De meeste lenzen hebben een reeks focuswaarden en als je eenmaal voorbij een bepaalde afstand komt (vaak 20-30 voet of 8-10 meter), wordt de focus ingesteld op oneindig. Alles voorbij dat punt zal gewoon oneindig zijn. Daarom, als u een foto maakt waarbij de meeste dingen in het beeld ver weg zijn, lijkt het misschien dat u de focus gewoon op oneindig moet instellen. Als u autofocus gebruikt (en dat zijn de meesten van ons), bent u misschien geneigd om de focus in te stellen met iets dat erg ver van u verwijderd is.
Als alles in het frame echt op oneindig is, dan is het instellen van de focus op de maximale afstand geen vreselijk idee. Als er niets bij u in de buurt is, hoeft u niets anders te doen; u hoeft de zaken niet al te ingewikkeld te maken. Maar vaker zijn er aspecten van de scène die dichter bij je staan dan oneindig. Waar leg je dan de focus op?

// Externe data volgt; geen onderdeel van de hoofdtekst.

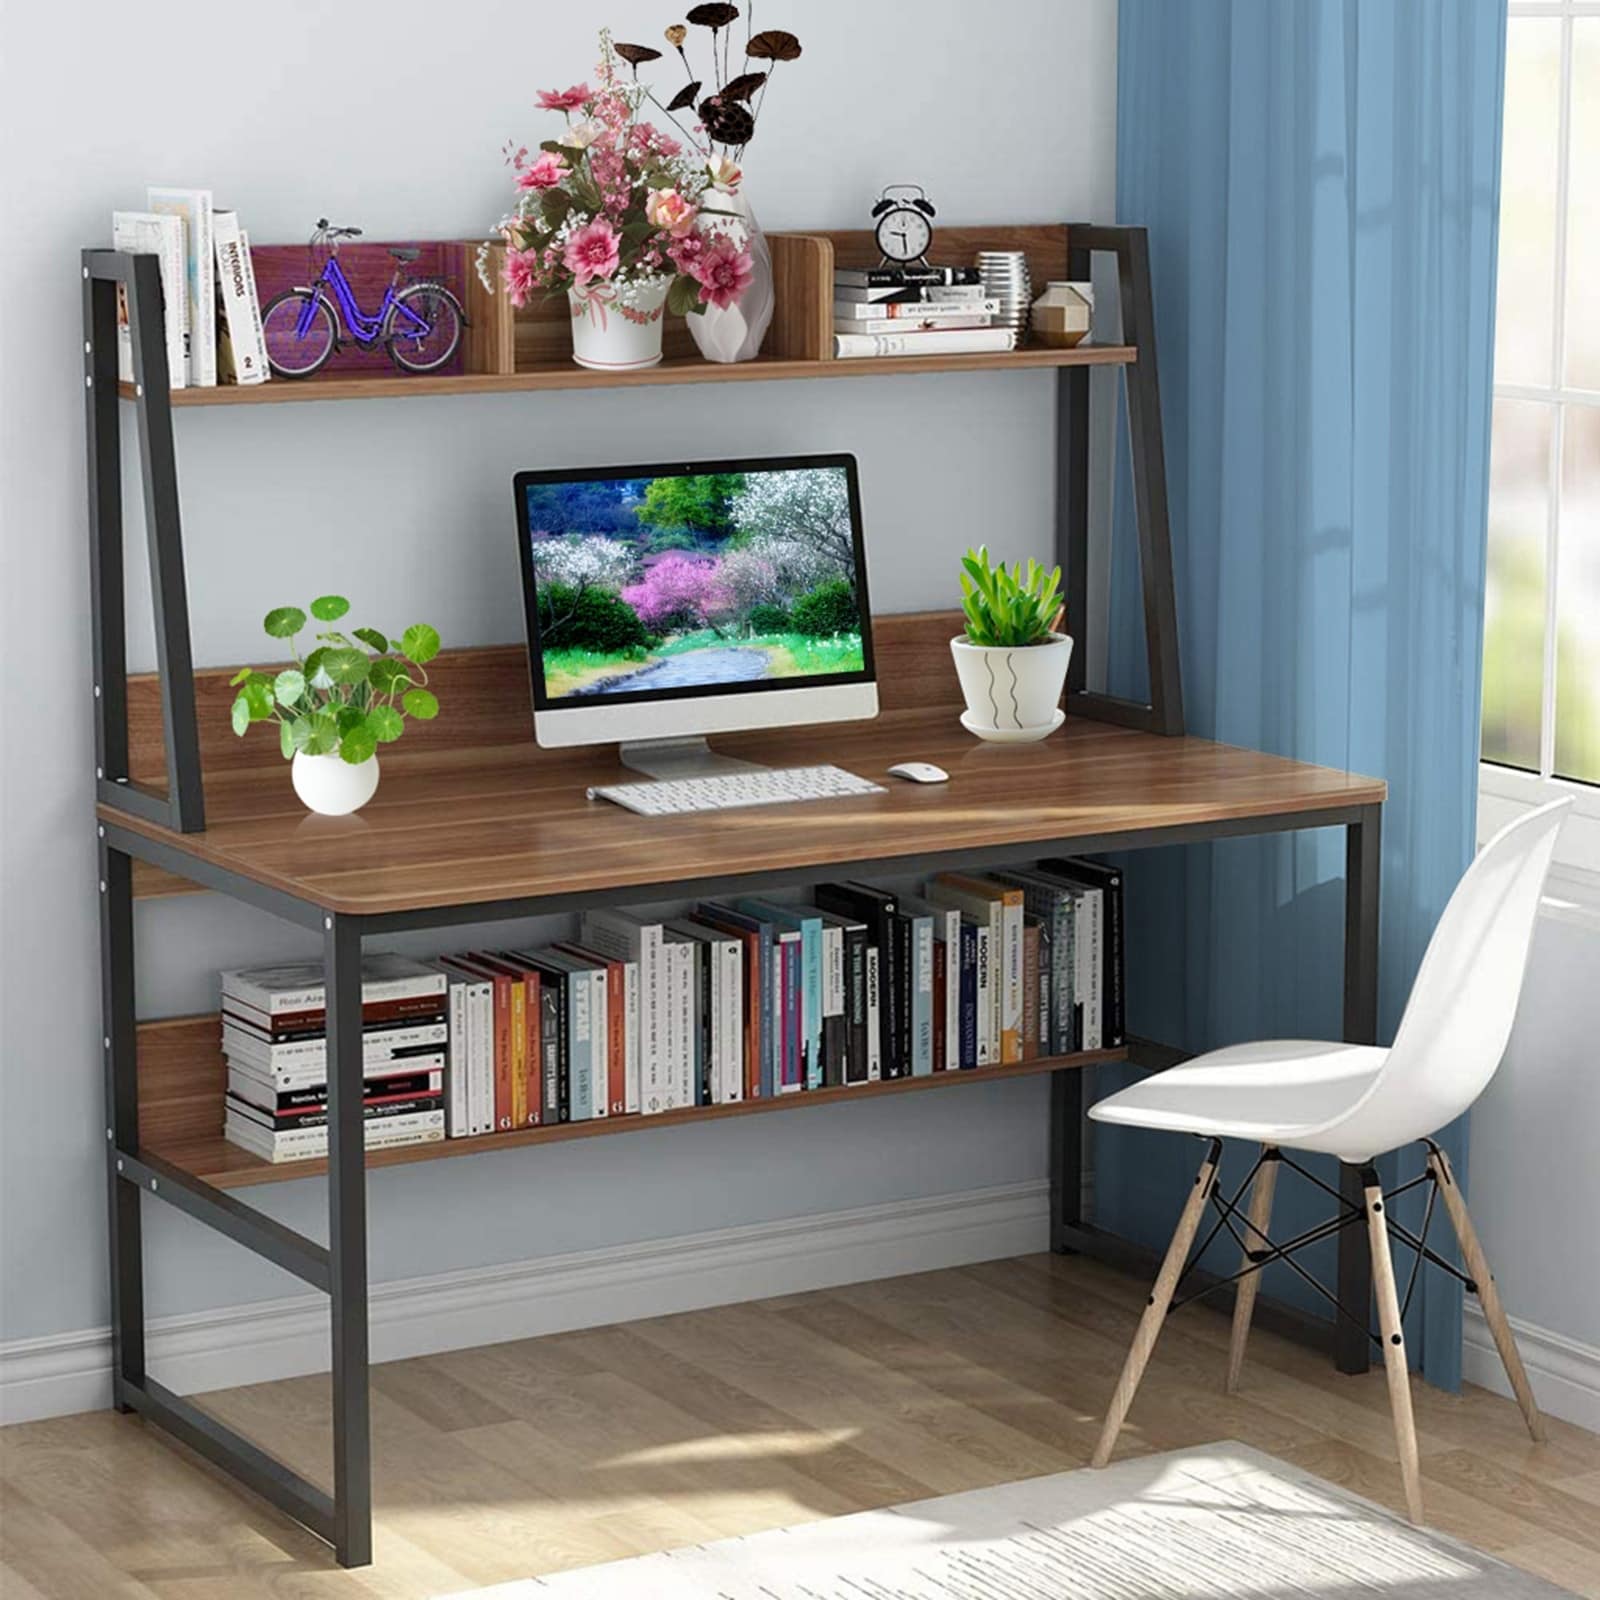 https://ak1.ostkcdn.com/images/products/is/images/direct/a616695fab4873a578f12e05f613575d3efa926c/Computer-Desk-Bookshelf-47-inch-Home-Office-Desk-Space-Saving-Design.jpg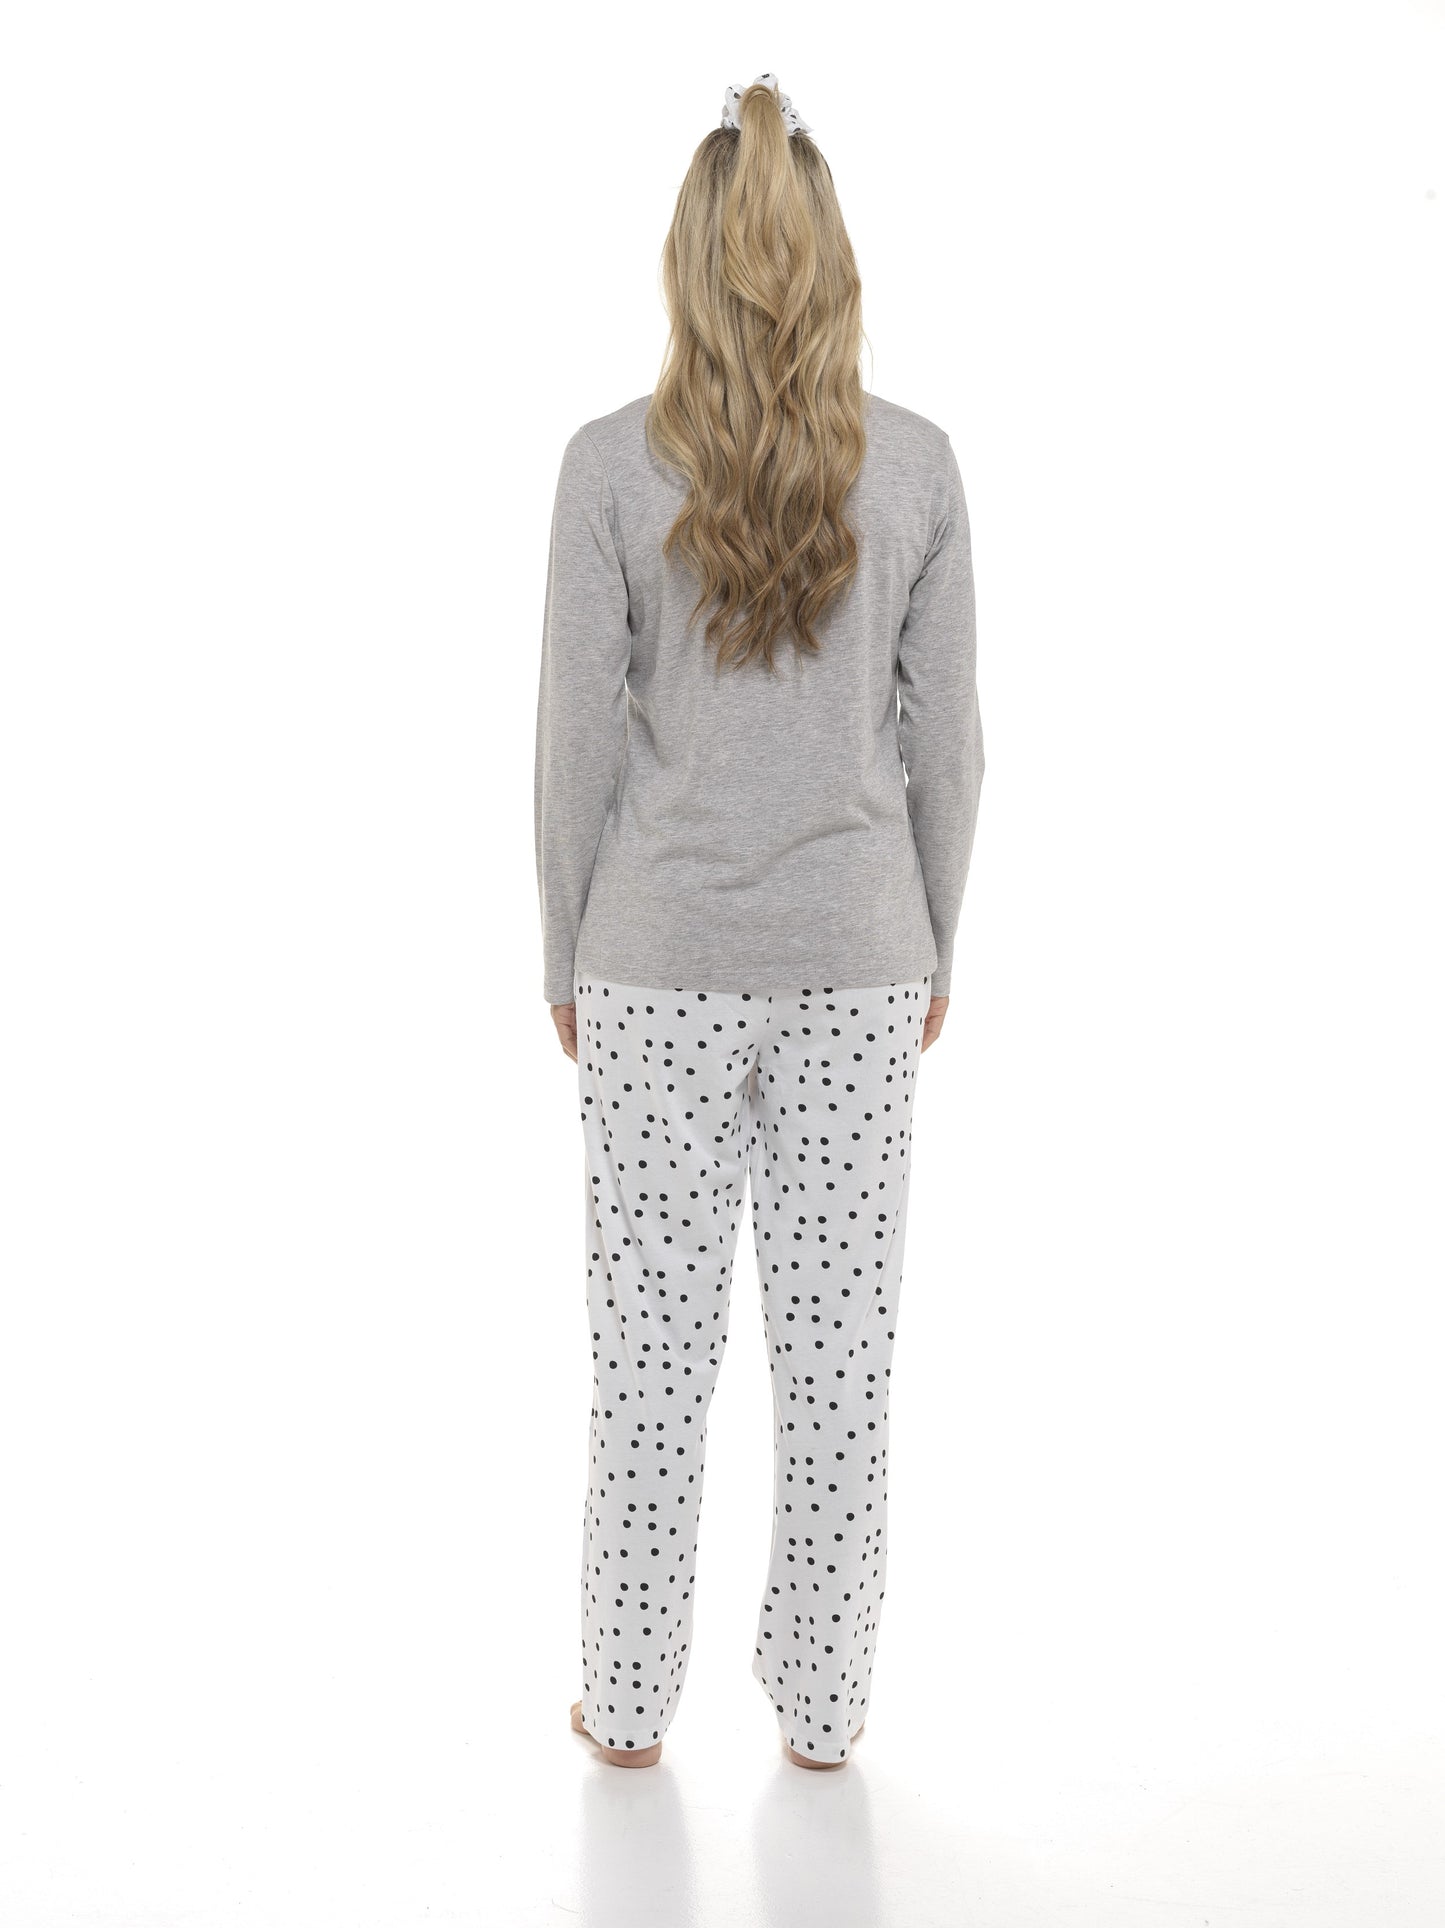 Ladies Dalmatian Dog Print Cotton Pyjamas with Matching Scrunchie Set

Je kunt in hyperfocale afstand komen (daar zullen we straks meer over praten) en dit zo technisch maken als je wilt. Maar vaak is uw tijd kostbaar als u aan het fotograferen bent. Het licht verandert en de dingen bewegen. U kunt een redelijk goed beeld krijgen van de dingen zonder uw toevlucht te nemen tot berekeningen.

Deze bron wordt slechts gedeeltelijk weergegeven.